The present invention is in the field of protein crystallization and in particular protein crystallization of interferons.
The human interferon alphas are a family of proteins comprising at least 24 subspecies, Zoon K. C., Interferon 9:1 (1987), Gresser I., ed. Academic Press, N.Y. They were originally described as agents capable of inducing an antiviral state in cells but are known as pleiotropic lymphokines affecting many functions of the immune system, Opdenakker, et al., Experimentia 45:513 (1989). Apart from their in vitro biological activities the human interferon alphas are currently used for several indications, e.g., hairy cell leukemia, Kaposi's Sarcoma, venereal warts, hepatitis B and hepatitis C.

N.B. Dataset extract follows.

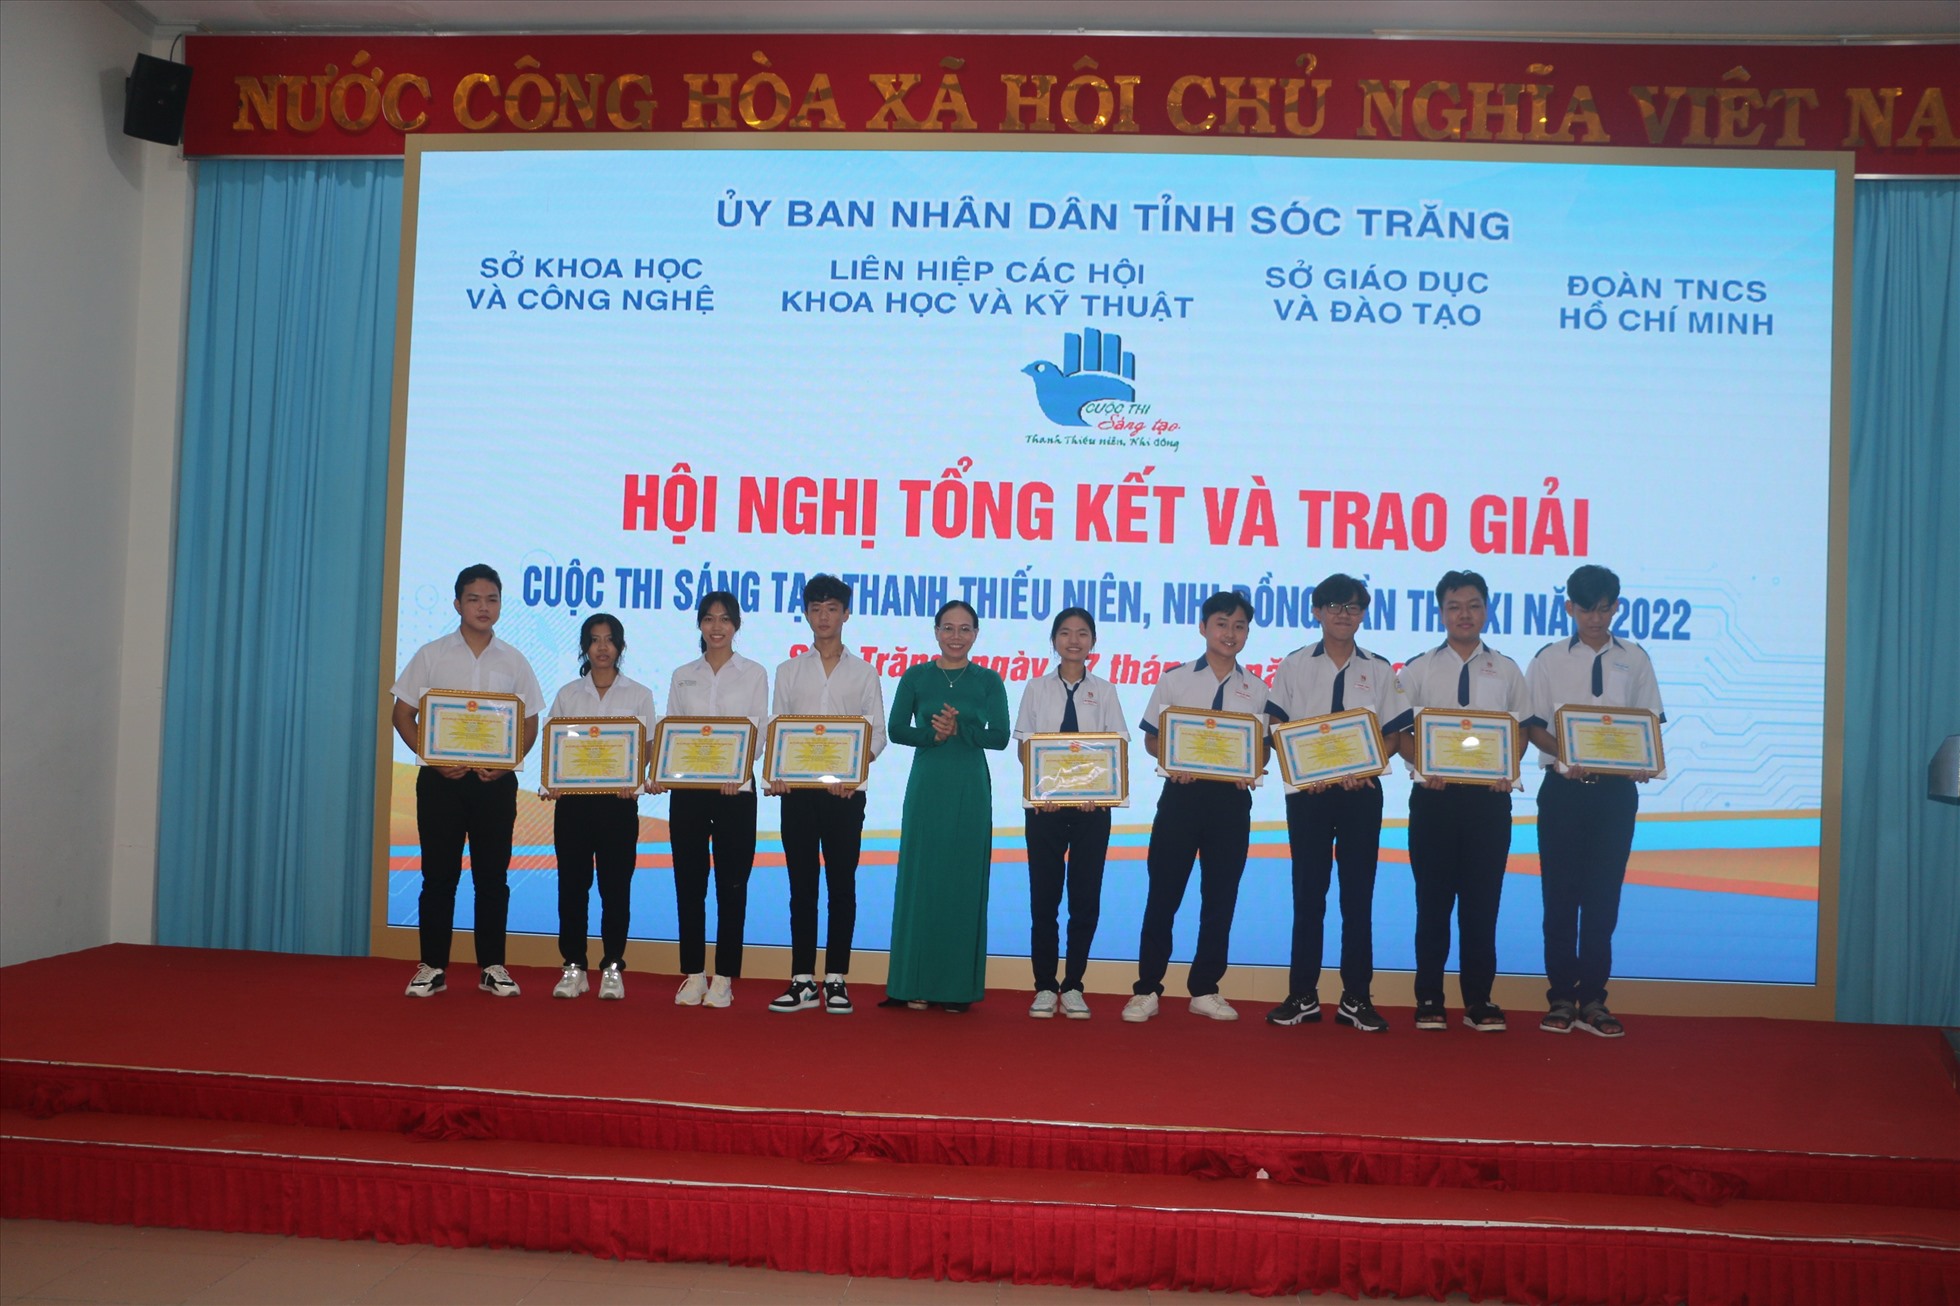 Phó Chủ tịch UBND tỉnh Sóc Trăng Huỳnh Thị Diễm Ngọc trao giải cho thanh thiếu niên đạt giải của cuộc thi

Interferon alpha-2b is prepared as a purified sterile, lyophilized recombinant interferon formulation. An example of a commercially available interferon alpha-2b is INTRON A.RTM. produced by Schering-Plough Corporation, Kenilworth, N.J. The demand for highly purified and crystalline forms of interferon alpha, especially the recombinant type alpha-2b, is of foremost importance for structure elucidation as well as for formulation of various dosage forms including the development of controlled release formulations.
Two forms of crystalline human interferon alpha have been reported, namely from Miller et al., Science, 215:689 (1982); Kung et al., U.S. Pat. No. 4,672,108; Weissmann, The Cloning of Interferon and other Mistakes, In: Interferon 1981, Ian Gresser, ed., Academic Press, N.Y., 101-134 ; Weissmann, Phil. Trans. R. Soc. Lond. B299:7 (1982); Nagabhushan, et al., `Characterization of Genetically Engineered alpha-2 Interferon`, In: Interferon: Research Clinical Application and Regulatory Consideration, Zoon et al., Elsevier, N.Y. 79 (1982). These publications describe methods for crystallizing interferon alpha-2 in polyethylene glycol at low temperature or in a phosphate buffer solution by adjusting the pH or temperature. The Miller et al. article also mentions crystalline alpha-2 in a "prismatic form". Conditions for producing monoclinic prismatic crystals of interferon alpha-2b from solutions of ammonium sulfate in vapor diffusion hanging drop experiments at 22.degree. C. are disclosed in International Patent Application No. PCT/US 91/03660.
IFN-alpha is generally administered either by subcutaneous or intravenous injection usually in hospital or clinical settings. IFN-alpha has a serum half-life of 2-6 hours when injected subcutaneously or minutes when injected intravenously, and characteristically shows a "burst" or a "pulse" (i.e., a rapid blood serum level rise followed by a rapid blood serum level clearance) profile when blood levels are measured over time. Thus frequent administration of doses of the protein must be made to maintain a therapeutically effective blood serum concentration of the drug. There are clinical situations when it may be therapeutically more advantageous to develop an IFN-alpha formulation in which the protein is continuously released into the blood stream so that the serum concentration of the protein reaches a plateau and remains at that level for a period of time. This is an example controlled release formulation.
To date none of the known crystalline IFN-alphas have shown properties desirable for a controlled drug delivery system, in particular, limited solubility at 37.degree. C. and stability in a `Generally Recognized as Safe` (GRAS) category formulation suitable for injection. There are a number of potential advantages of a controlled release therapeutic. Primarily, controlled release drugs can be administered at lower effective doses which improves their safety while maintaining or improving their efficacy. New therapeutic indications can be explored because prolonged bioavailability offers the opportunity for increased biodistribution to enhance tissue and organ penetration.
There is thus a need for a controlled-release formulation of IFN-alpha.